Great Ape DNA Is Providing New Clues About Human Evolution
Genetic variation is what distinguishes humans from non-humans.
by Sarah SloatAn enduring mission of science is to pinpoint exactly what distinguishes humans from other apes in order to understand our ancestral lineage. This week, we came one step closer to answering that paramount evolutionary question because of a breakthrough published in Science.
Scientists announced Thursday they have successfully sequenced the most complete assemblies of great ape genomes to date, an accomplishment that will drive greater study of the similarities we share with our hominid family.
Like chimpanzees, gorillas, and orangutans, humans are a kind of ape. We share with these other apes a common ancestor that lived between 8 and 6 million years ago. Comparing the genetics between the two groups brings us closer to understanding this shared origin.
The scientists sequenced and assembled a chimpanzee and an orangutan genome to a high depth using single-molecule, real-time sequence data. They sequenced more than 500,000 full-length genes from each species, a process that they explain significantly improved the contiguity of chimpanzee and orangutan genomes.

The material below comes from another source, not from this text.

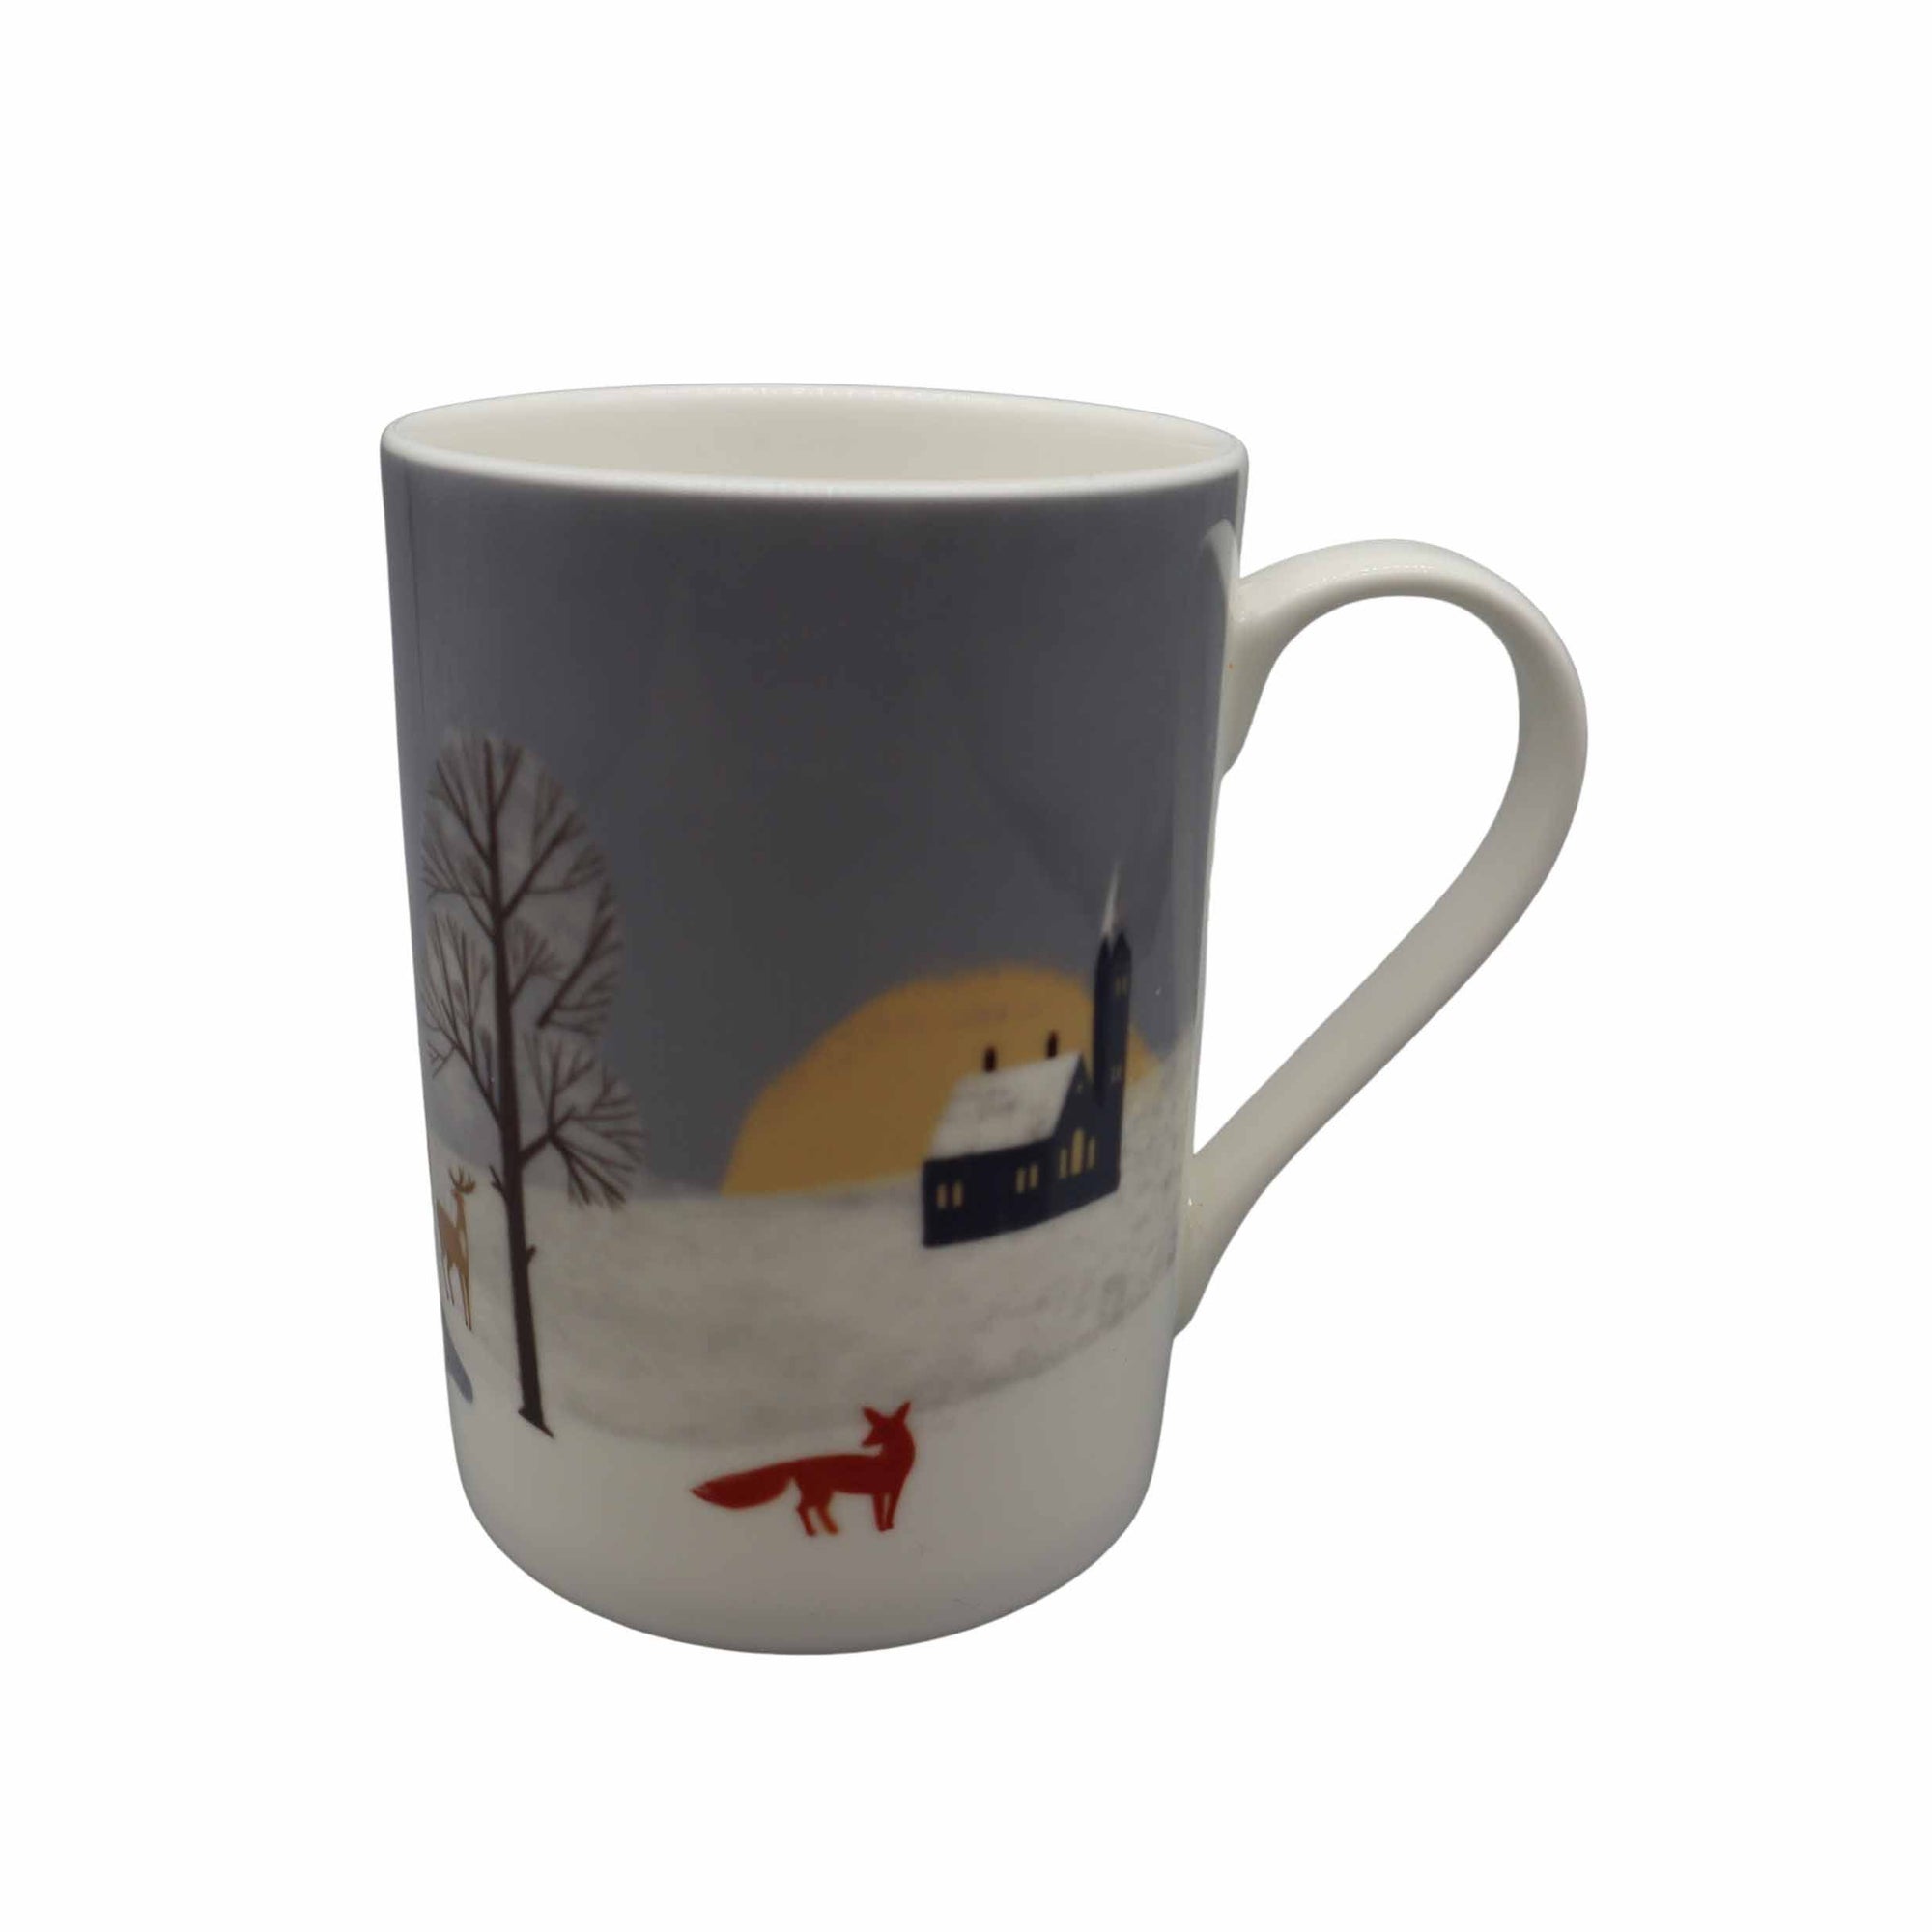 Winter Fox Day Mug Mugs Mustard and Gray Ltd Shropshire UK

These newly assembled genomes, the study authors explain in a statement released Thursday, “present a better resource for novel gene discovery and high-resolution comparative genomics amongst the greatest apes.”
Genetic variation is what distinguishes humans from non-humans — and while humans are different than apes, our evolutionary kinship means that our biological blueprints are still entwined.
Study co-author and professor of genome sciences at the University of Washington, Evan Eichler, Ph.D., tells Inverse that having ape genomes that are more complete allows researchers to examine genetic variants that likely affect gene expression — and in turn, parse out that distinguishment.
“We are beginning to get a sense of how some regions of our genome have been radically restructured, specifically in the human lineage,” says Eichler.
Eichler and his team compared the new ape genomes with previously assembled human genomes and a gorilla genome to understand how the genome has been restructured.
This process revealed the human genome has 17,000 DNA variants, which represent changes in gene regulation. The majority of these variants were enriched in genes associated with brain morphology: SRGAP2C, ARGAP11B, TBC1D3, and NOTCH2NL.
Eichler cites this as “good evidence” that the genes “specify cortical expansion” and says his team’s next goal is to finish the 1,000 gaps in the great ape genome. He says that “finding genetic hotspots of mutation that affect critical genes during brain development that are shared among all humans but different when compared to all other apes is particularly exciting.”
Previous to this research, scientists were working with ape genomes with a “humanizing” bias by filling in the thousands of gaps in ape genomes with human genome assemblies. This, they explain in the statement, potentially hid whatever structural and expressional differences between human and ape DNA by human DNA — in turn, minimizing the chance of understanding the differences between the two.
“Here we filled in almost all of the missing gaps with the correct ape sequence and discovered the full-length transcripts in each ape,” explains Eichler. “Therefore, no need for human fillers.”
The genetic variants that exist between apes and humans highlighted in this study are in line with the argument that ape genomes underwent an expansion of segmental duplication more than 10 million years ago. When the full genome of apes is eventually completed, we might get a look at an even deeper past.